Image by 5933179 from Pixabay

Thu, 31 Dec 2020, 06:15 am UTC

After demolishing its 2017 all-time high, Bitcoin (BTC) has been breaking records lately after it soared past $20,000. It broke $25,000 for the first time last week before setting a new high above $27K on Sunday until it briefly traded past $29,000 yesterday.

With such a spectacular rally, demand for Bitcoin has understandably soared as well. In fact, it appears that the crypto market might be facing BTC liquidity issues as supply might no longer be able to meet demand.

Simply put, it is now more difficult to buy Bitcoin from crypto exchanges, according to Cointelegraph. While more than 18 million BTC have already mined based on data from Blockchain.com, only 4.2 million BTC are actually in circulation and available for buying and selling activities.

“Bitcoin liquidity is defined as the average ratio of received and spent BTC across entities,” Glassnode analysts revealed. “We show that currently 14.5M BTCs are classified as illiquid, leaving only 4.2M BTC in constant circulation that are available for buying and selling.”

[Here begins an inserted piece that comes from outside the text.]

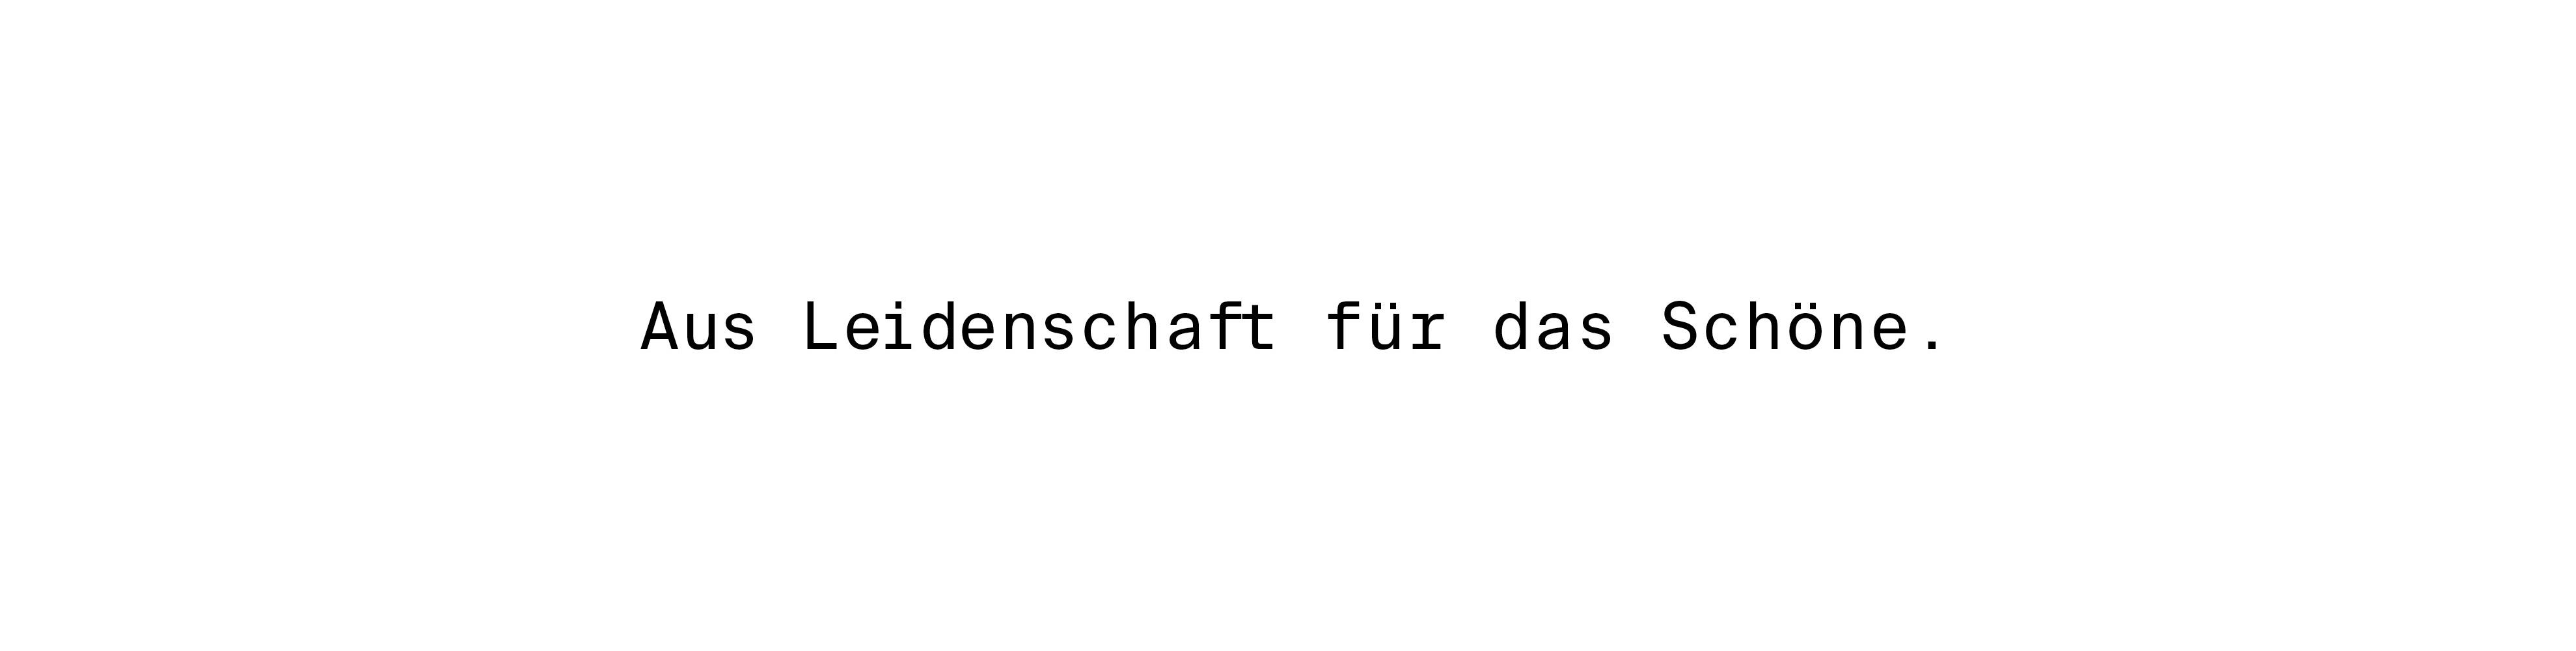 Fuchs_Endfolie3

With the recent Bitcoin rally, most investors are bullish are not selling their BTC holdings yet, contributing to the scarcity of the crypto. “Over the course of 2020, a total of 1 million additional BTC have become illiquid — investors are increasingly hodling,” the analysts added. “This is bullish, and suggests that the current bull run has been (partly) driven by this emerging #Bitcoin liquidity crisis.”

The entry of institutional investors also contributed to its increasing demand. For instance, PayPal users are now buying all newly-mined BTCs contributing it its scarcity.

“We have a #Bitcoin shortage,” Pantera Capital CEO Dan Morehead said, according to Ethereumworldnews.com. “Buyers like @PayPal are buying more than 100% of newly-issued bitcoin. When you have several big institutional investors each purchasing more than 100% of bitcoin the price is going to squeeze up.”

Another factor causing the drop in Bitcoin liquidity is the shortage of ASIC miners. “There is a big shortage of ASIC’s,” Three Arrows Capital co-founder Kyle Davies said. “Miners only need to sell enough bitcoin to cover existing USD operational costs. They are incentivized to hold all capital that would otherwise be deployed into buying hardware, in $BTC.”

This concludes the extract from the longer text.